If this market runs out of bears, I think it’s in trouble.
And today one of the market’s few remaining bears capitulated to the rally. Wells Fargo’s head of equity strategy Christopher Harvey hiked his year-end price target for the Standard & Poor’s 500 Index to 3,088 from 2,665. The index closed at 2,983 on Monday April 29, so the Wells Fargo target is 4.9% above Monday’s close. The previous Wells Fargo target was the second lowest on Wall Street. It’s now the second highest, according to Bloomberg, behind only the 3250 target from Deutsche Bank. (The only call lower than that of Wells Fargo before this bullish shift was from Cantor Fitzgerald.) The median is 2,950.
What’s really interesting to me about Harvey’s call at Wells Fargo is that it’s based on higher price-to-earnings ratios and not on increasing earnings themselves. Because of the Federal Reserve’s switch to steady or even declining interest rates, and because of an investor preference for U.S. equities based on their outperformance, investors will be willing to pay more for U.S. stocks as the year goes on, Harvey argued. Harvey did not raise his target for S&P 500 earnings from his earlier $166 for 2019.

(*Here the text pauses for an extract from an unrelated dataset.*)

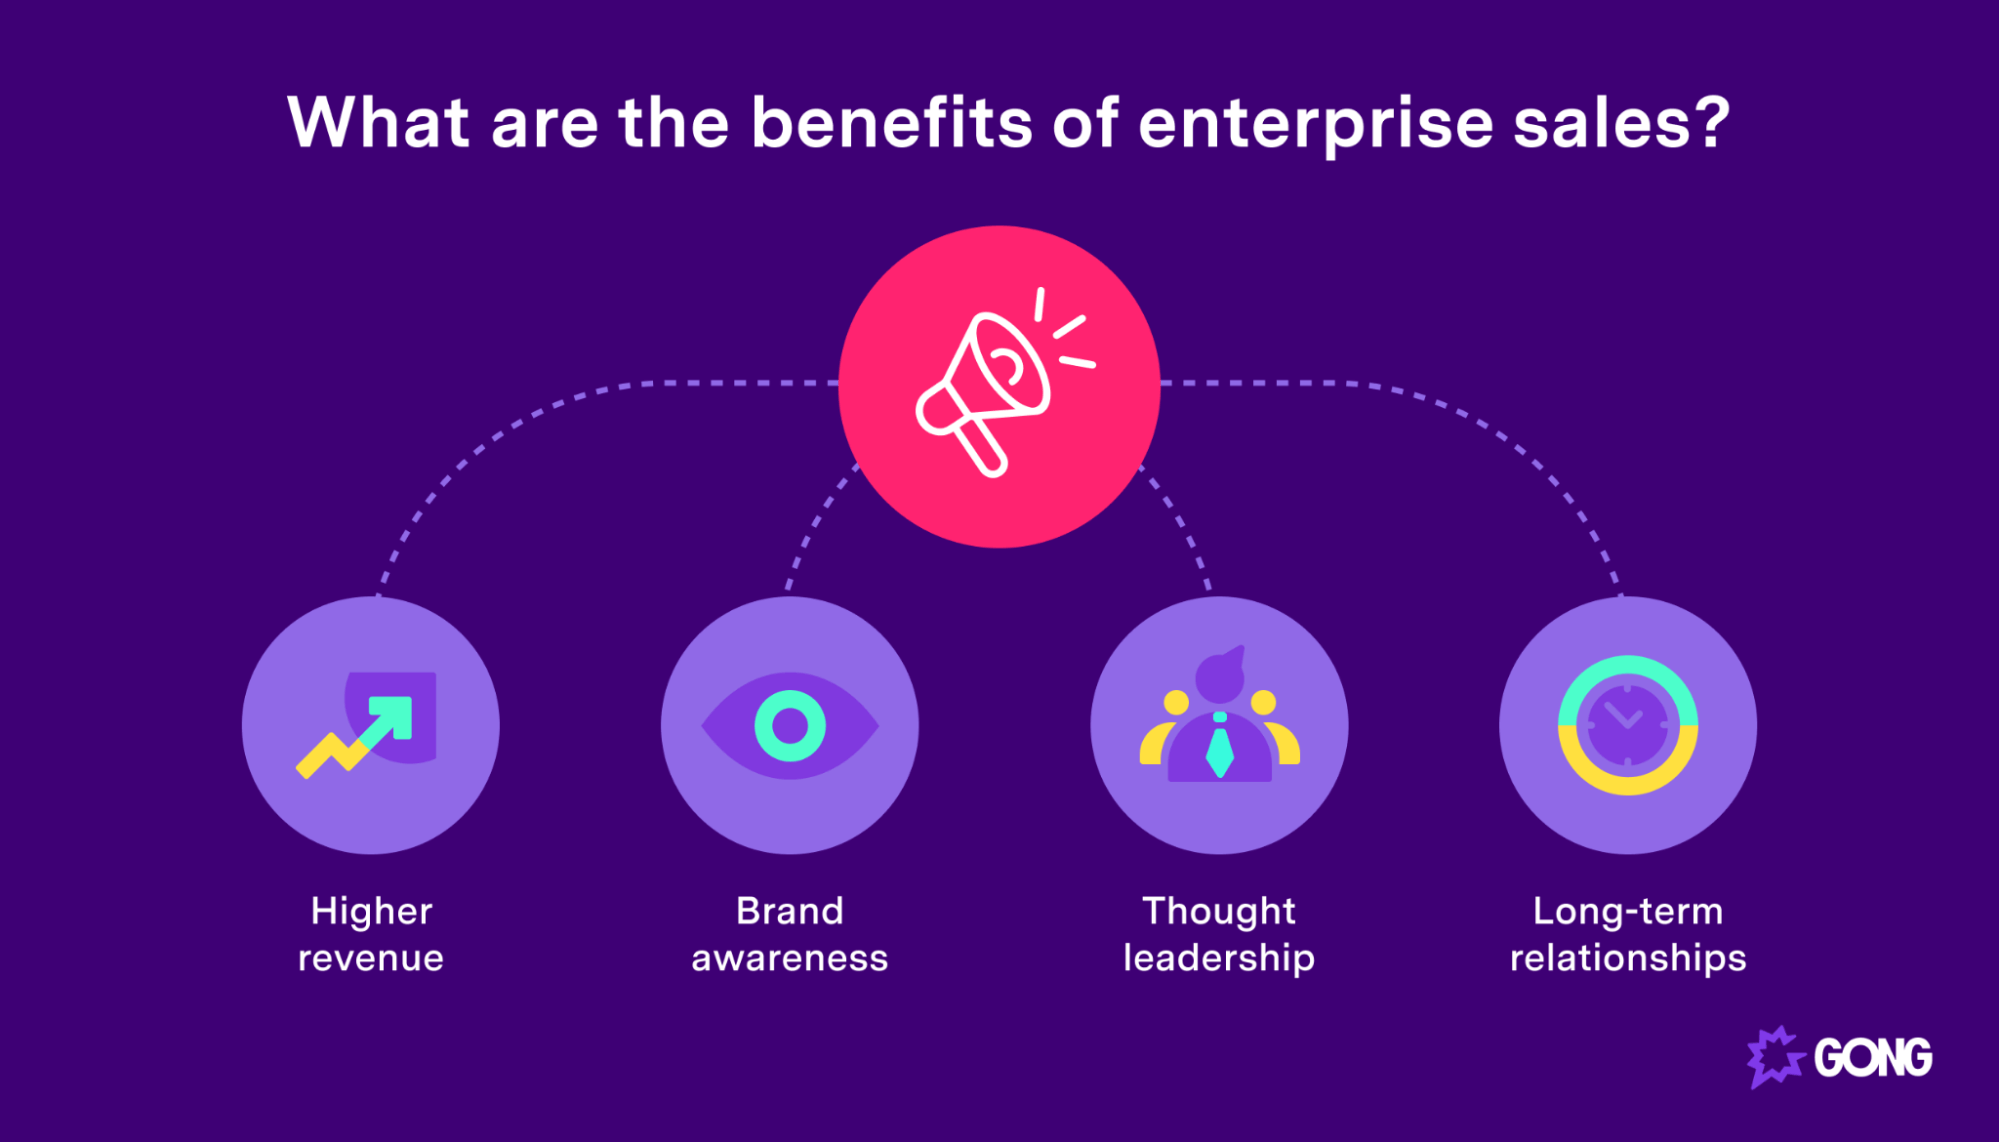 What are the benefits of enterprise sales?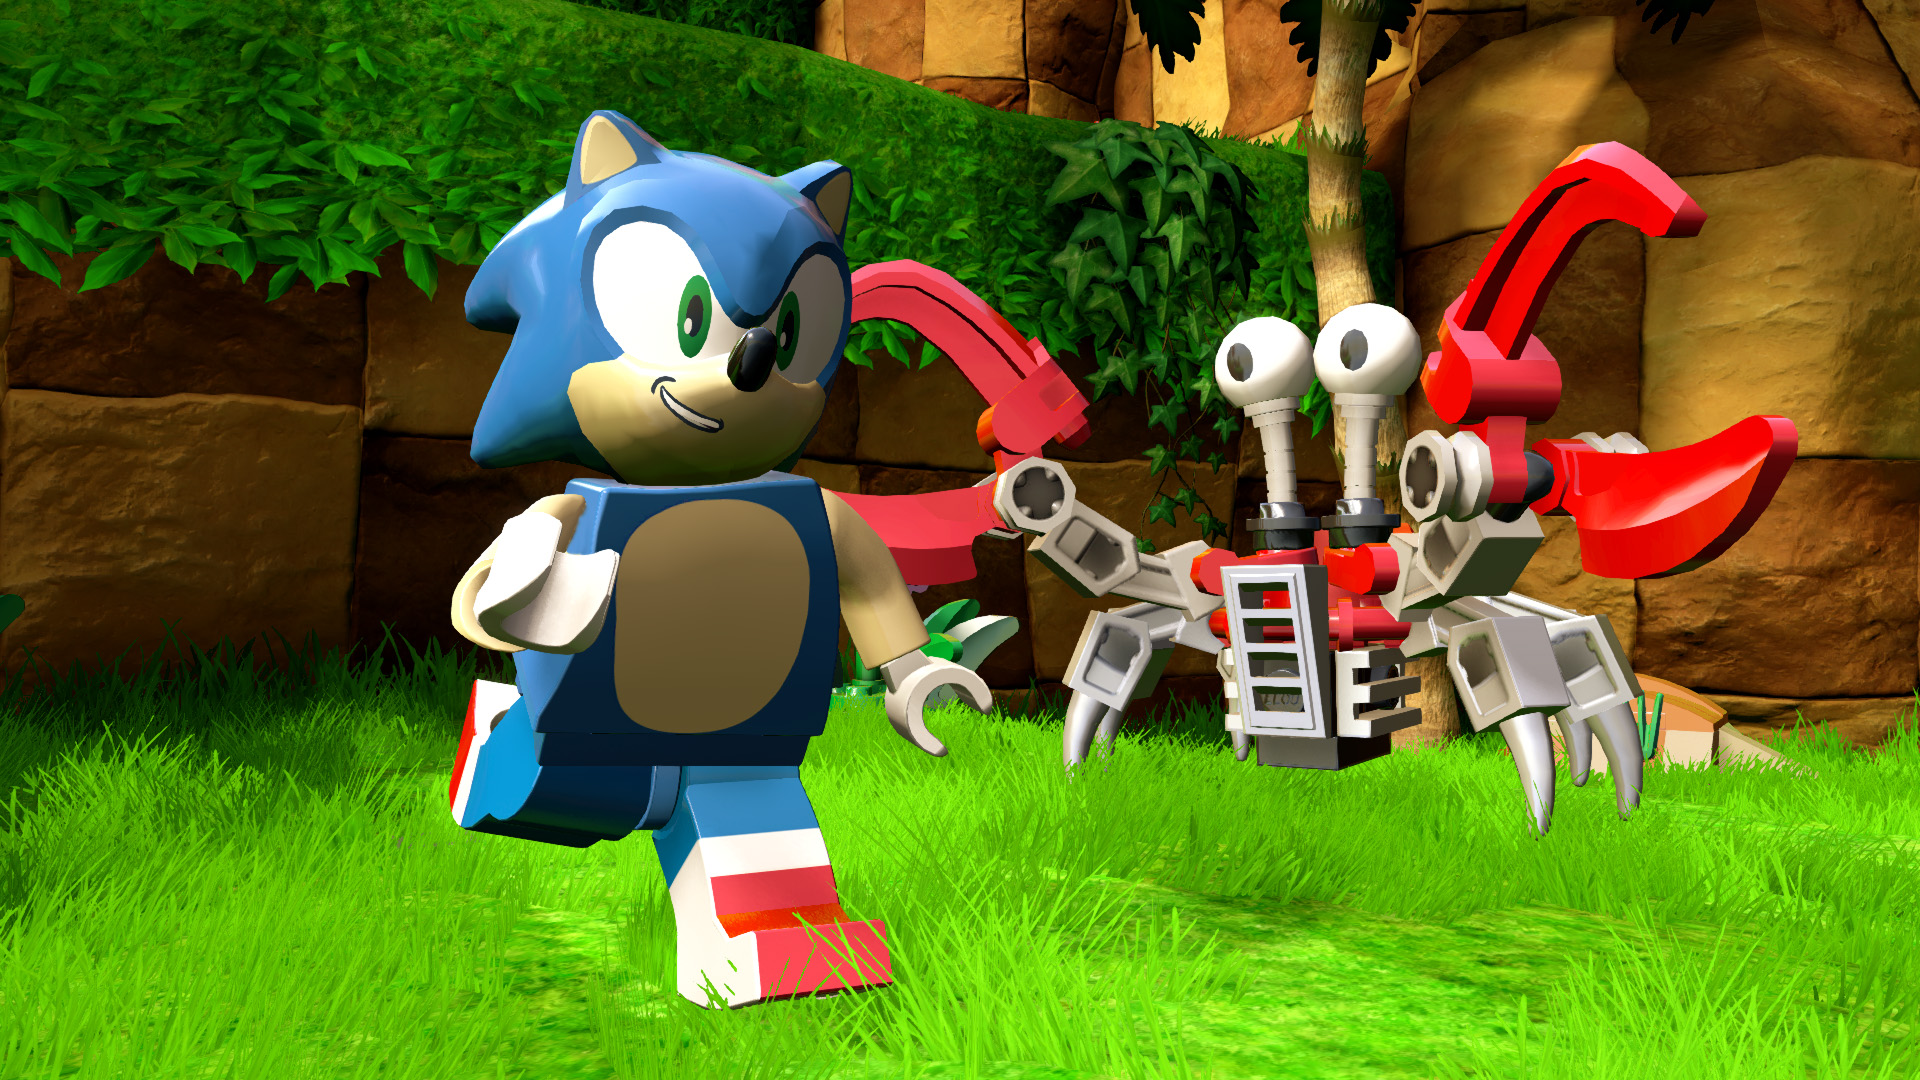 Sonic The Hedgehog And Fantastic Beasts Headline Lego Dimensions' Wave Seven

So this is an example of a call that in my opinion is based on “fear of being left out.” No analyst likes to be bearish in the face of a rally like this. And at some point the pain of being bearish just gets to be too much. You can be sure that the phones have been ringing off the hooks at Wells Fargo as money management clients have been calling to question the previous bearish positioning.
For those of us made a bit uneasy by the market’s continued climb in the face of lackluster earnings–and who worry about the size of Fed’s balance sheet and the stimulus to the economy from big government deficits–the move to bullish from bearish by one of Wall Street last bearish holdouts is another worrying sign. This rally has been supported, in part, by bears tossing in the towel and joining the bullish chorus. That works to drive up stock prices as long as there’s cash on the sidelines moving into the market to buy shares. When, however, the supply of bears is running low, then the market will have to find other reasons to move higher.
And if you suspect, as I do, that the U.S. economy will slow in the second half, those “reasons” look to be in limited supply for the latter part of 2019.
Different rigged markets are rigged in different ways. 1999-2000 market was rigged in that companies, remember Nortel?, were lying about revenue. This one is rigged in the sense that it is totally dependent on cheap money from central banks–and governments like ours are putting pressure on to make money even cheaper. Lots follows from that….
Jim, can you ever remember a time in history where the stock market felt as rigged as it is now? Every day there are carrots dangling of infrastructure spending to trade deals, to Fed being accommodating but the cat never comes out of the bag.